To overcome the various tricky scenarios in urban scenes, XPeng starts with “perception” at the source.
At the press conference, Wu Xinzhou revealed for the first time that XPeng will adopt the XNet new generation perception architecture on G9.
Similar to Tesla, it will input the perception results of the surrounding cameras to the Transformer neural network, carry out multi-frame temporal pre-fusion, and output the 4D information of dynamic target objects and the 3D information of static target objects under BEV perspective.
Simply put, under the original technical framework, it is equivalent to letting you “perceive the surrounding world through multiple perspectives with only fuzzy position correlation, and through multiple comic-like pictures”, and also judging the speed of surrounding vehicles and predicting their driving trajectories.
Under such a perception result, even if it is judged by an experienced driver, it is still very difficult.
But under the current technical framework, the system will directly output a god’s-eye view with dynamic information about surrounding vehicles.
The benefits of this operation are that it can greatly improve the accuracy of monitoring 3D information of static target objects. In Wu Xinzhou’s words: “This perception architecture has the ability to generate high-precision maps in real-time.”
More accurate 4D information of dynamic target objects also means that the system can achieve stronger lane changing and gaming abilities.
Of course, this powerful large-scale neural network model is not something that can be acquired just because.

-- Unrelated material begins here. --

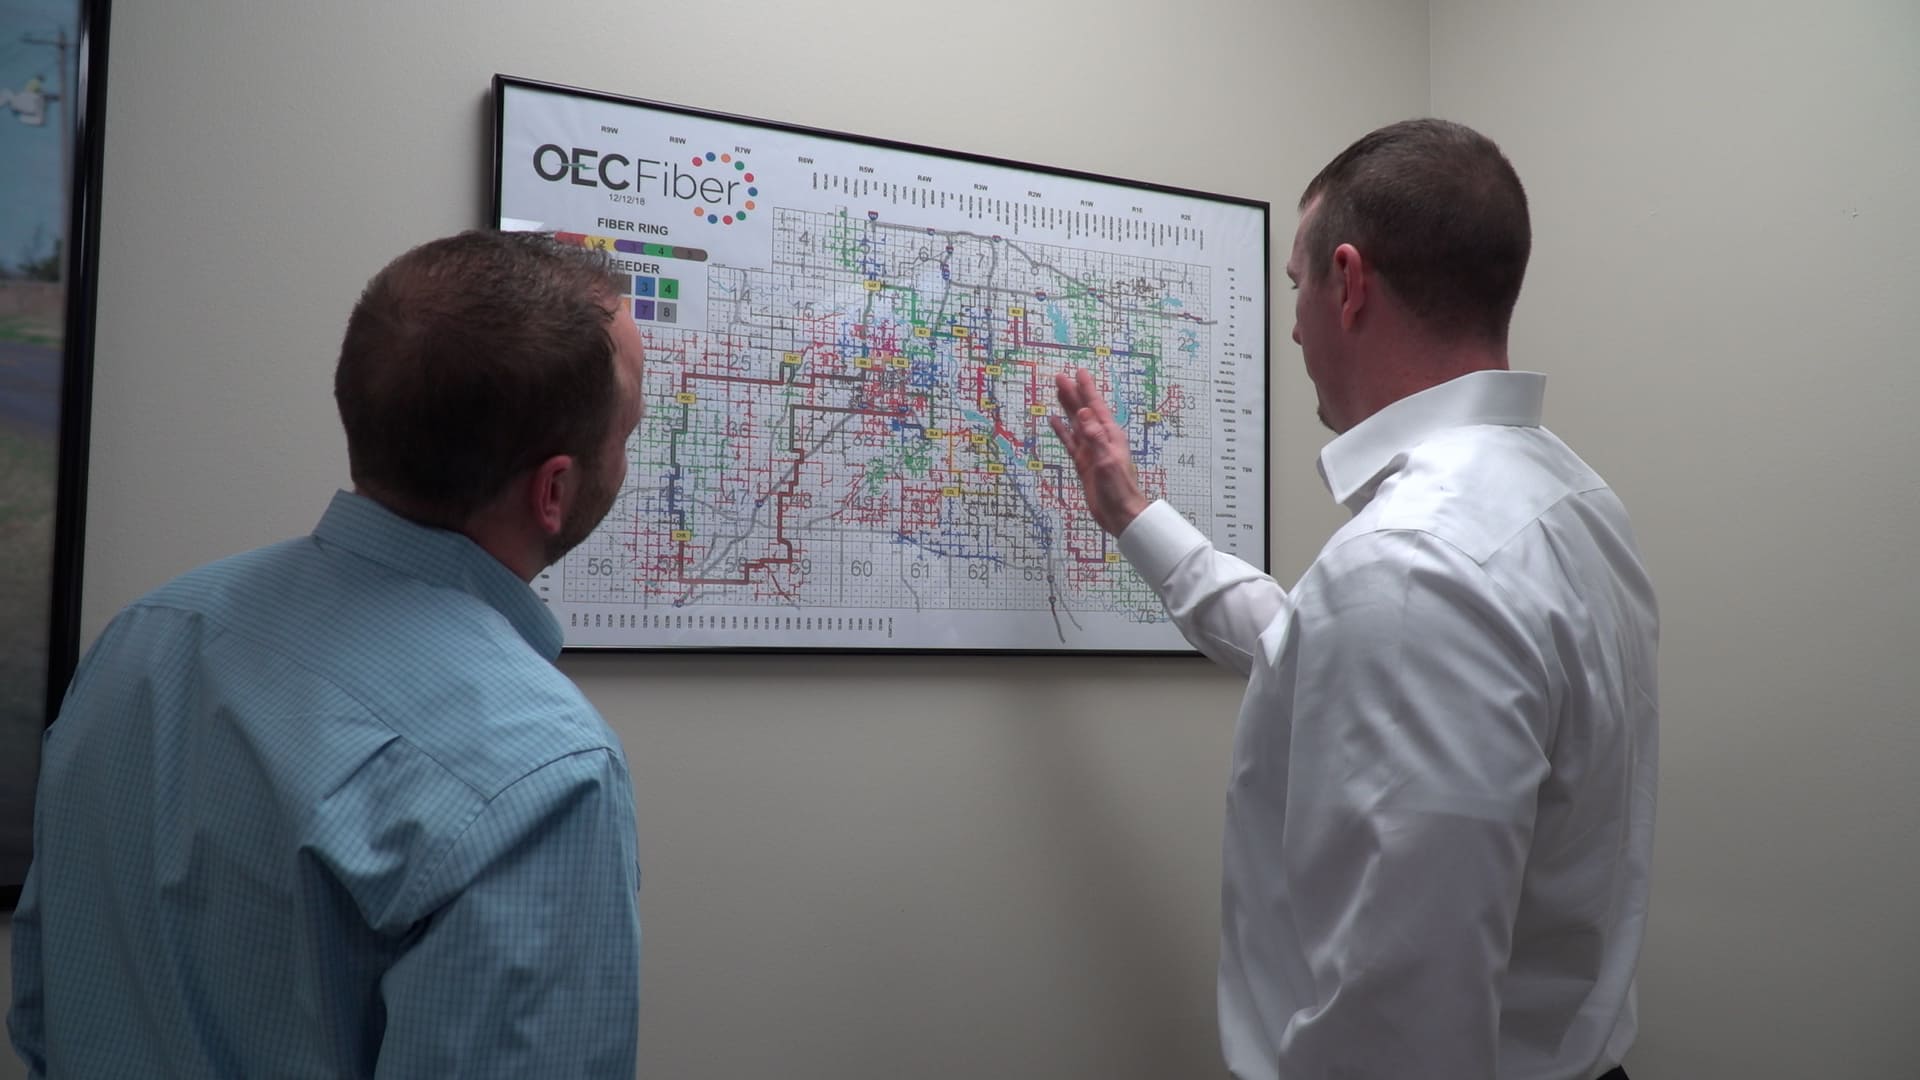 A map on a wall depicting OEC Fiber's service area.

“`Dr. Wu Xinzhou revealed at the event that behind the powerful XNet is the latest Transformer network architecture. To smoothly deploy this large-model network, 500,000 to 1 million short videos are required for training and optimization. If directly deployed without optimization, it would require computing power greater than an Orin-X.
However, the number of dynamic objects in these videos is in the billions. If manually annotated, it would require at least 2,000 people a year to complete the task.

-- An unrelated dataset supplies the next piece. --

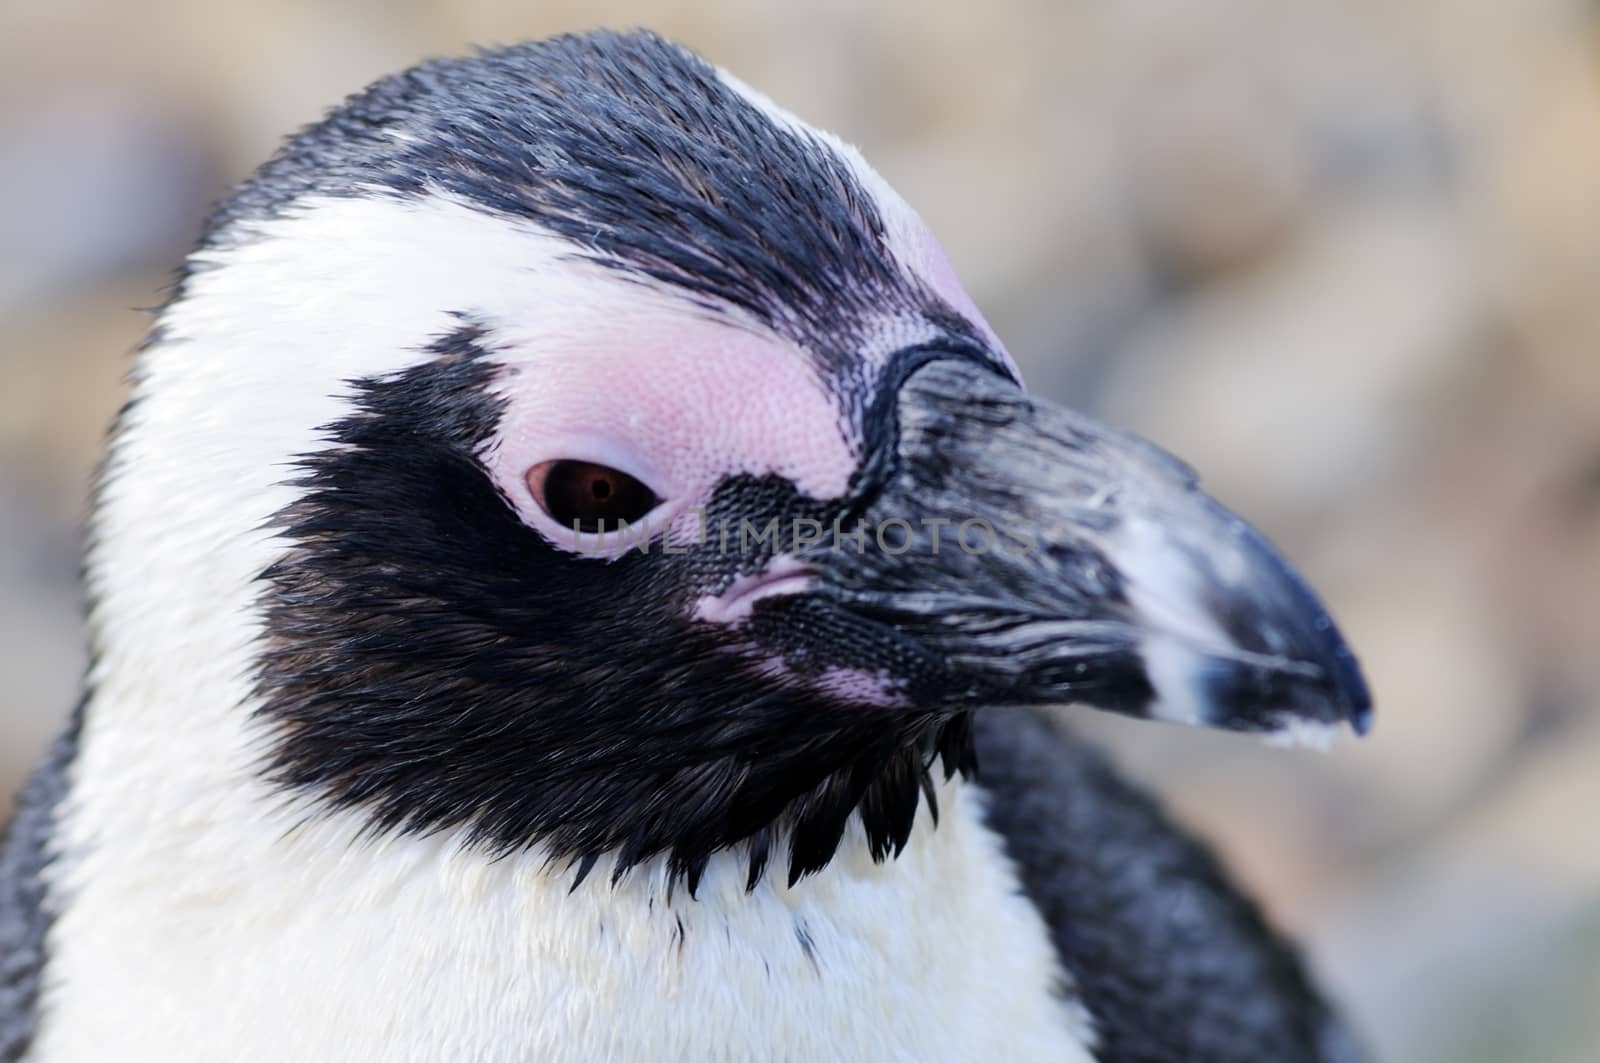 Humboldt penguin closeup profile of head and beak

To solve this problem, the autonomous driving team at Xpeng has developed an “automatic annotation system,” compressing the annotation time to 16.7 days.
Then comes the training.
In August of this year, Xpeng announced the completion of China’s largest self-driving intelligent computing center, “Fuyao,” in Ulanqab. It is used for training self-driving models, with computing power reaching 600 PFLOPS, a 602-fold increase in efficiency compared to before.
Next, Xpeng will continue to “collect,” “annotate,” “train,” and “deploy” to improve this model.
According to Dr. Wu Xinzhou, currently, nearly 100,000 of XPeng’s users’ cars are capable of data collection, and over 300 triggering signals have been set on the vehicle side. The system can determine which Corner Cases are useful for the system and then upload them. The collected data includes dynamic and static objects outside the car and full-stack data as well.
Lastly, XPeng put forward a new concept, “XNGP – Full-scenario Assisted Driving,” which has stronger capabilities and wider coverage than the current XPilot. XPeng’s goal is to bring the NGP experience in cities without maps infinitely close to that of areas with maps.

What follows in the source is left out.